As an election looms, popular support for U.S. border closure will mean it gets renewed again

Despite pleas from Canada’s tourism industry and politicians from border states calling on Ottawa to re-open the border with the United States, the closure remains popular with Canadians and with signs of a federal election coming soon, chances are good that it will remain for a while longer.

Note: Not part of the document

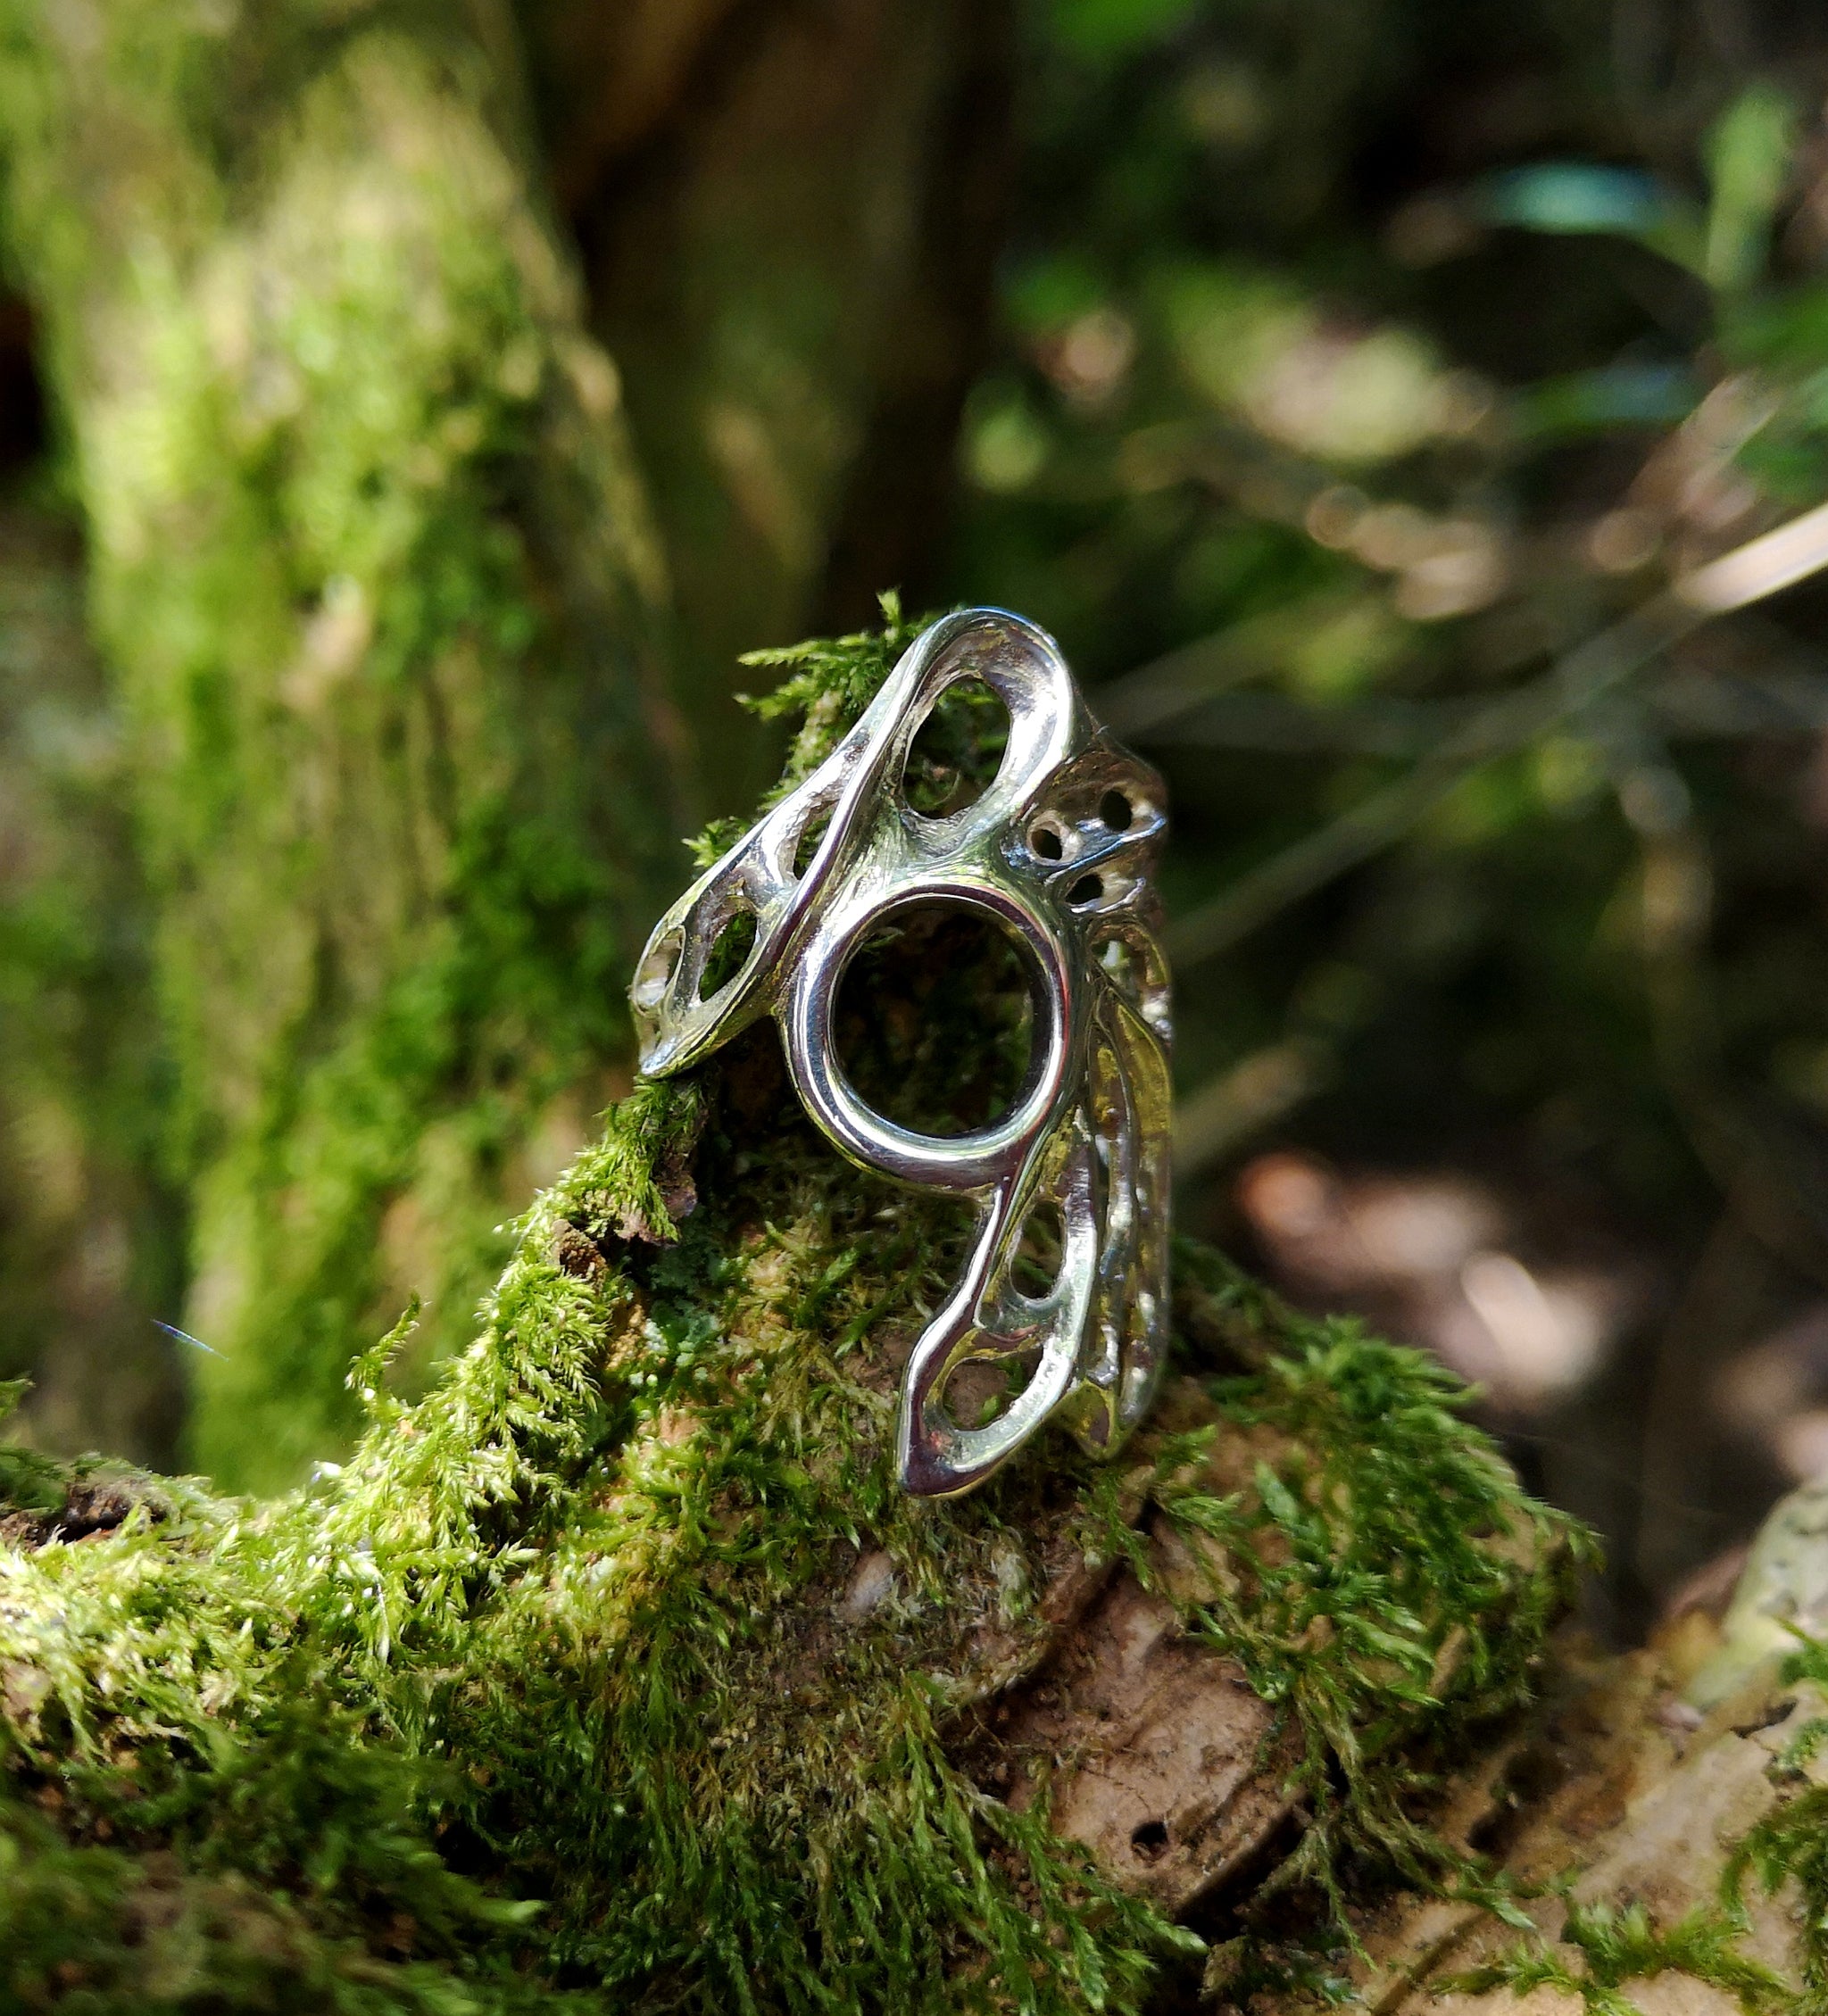 Gorgeous Gossamer Ring, Statement Ring, Gemstone

Federal politicians have been crisscrossing Canada this summer in what is likely a runup to an election in August or September. The ban on non-essential travel with the United States that has been in place since March of last year could be lifted as early as July 21 or it can stay and become an election issue.

In a recent opinion poll conducted for The Globe and Mail, a majority of Canadians want pandemic-related restrictions at the Canada-U.S. border to be lifted by the fall.

The poll found that only 15 per cent of Canadians wanted them removed immediately with another 14 per cent some time this summer. More people, 34 per cent, said they would prefer the fall.

Perrin Beatty, president of the Canadian Chamber of Commerce, said that Canada needs a re-opening plan in place before an election or the country risks further delaying its recovery from the pandemic.

“We need this plan today – not after an election. And it needs to be based on medical science, not political science,” he told The Globe and Mail.

The next opportunity to re-open the closure, which has been renewed on a monthly basis since it began, is July 21. In the weeks ahead of that date, various Canadian tourism organizations have been holding near daily press conferences to pressure Ottawa to come up with a re-opening plan.

On Wednesday, they were joined by a coalition of border-state legislators calling on Ottawa and Washington to re-open the border. Even France is asking Canada to let its citizens in.

When asked about the issue during an appearance in Quebec Wednesday, Canadian Prime Minister was non-committal, reported Politico.

“The reality is we know how unbelievably costly and heartbreaking it would be to fall into a fourth wave of this pandemic,” he said.

Reports that the delta variant of the coronavirus is fueling a rise in cases in the United States among unvaccinated Americans could affect the decision to re-open the border.

“I think it could have an impact on the border reopening,” Raywat Deonandan, an epidemiologist at the University of Ottawa told Global News. “Trudeau already said unvaccinated tourists are not welcome.”